In place of the All Blacks sponsorship, Telecom has attempted to find clear air, so it has tried to find areas where youth are over-represented and is focusing on niche sports with big followings, like basketball. Further to this goal, the company has recently been involved with several digital-themed events, including Cut and Paste’s Live Design and Digital Nationz.

Such steps indicate that Telecom is starting to undertake a major transformation of its corporate affairs, which extends beyond a simple name change. And if the company really intends to convince the public that this is more than a simple substitution of one name for another, it will find additional ways to show this.       

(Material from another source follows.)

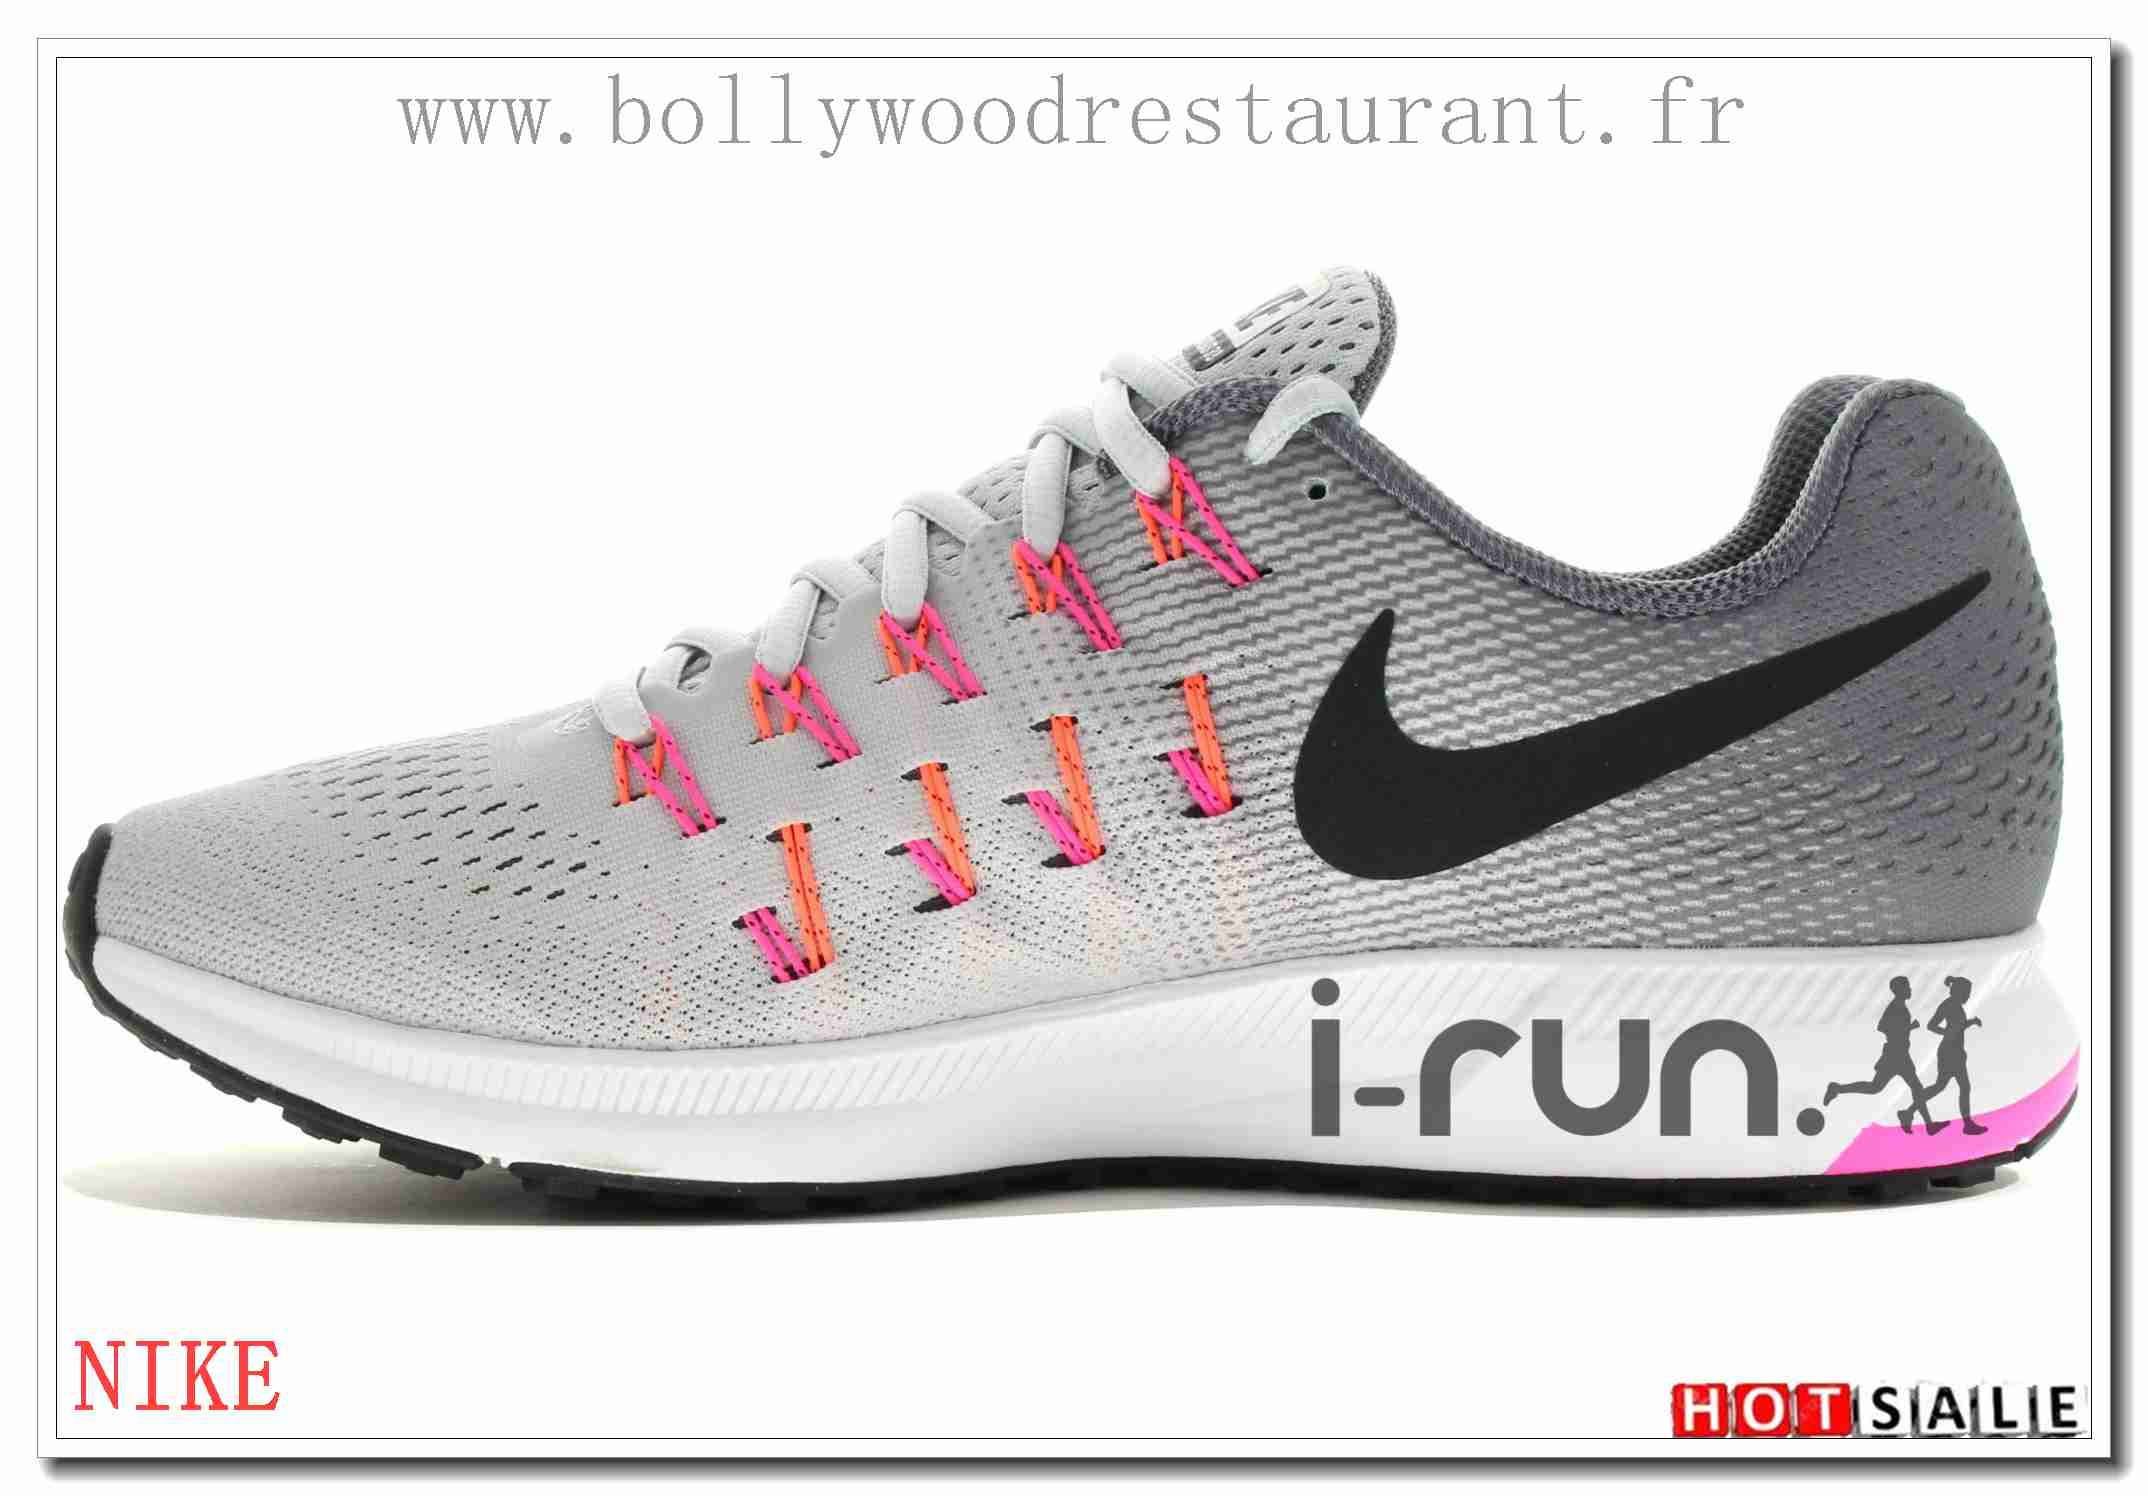 detailed look f6d89 dc2ba CA3230 La Qualité 2018 Nouveau style Nike Air Zoom Pegasus 33 - Femme  Chaussures - Soldes

As Baguley says when talking about the success of Vodafone’s rebrand: “A true rebrand must be backed up by an actual change – more than just a new logo – one which leads to a clear internal behaviour shift and is embraced across the entire company. It requires a consistent approach, attention to details and a fair amount of budget. Customers must see and feel that everything is different and better than before.”

And should Telecom achieve this, then they’ll be hoping its rebrand will be used as a new reference point 16 years from now.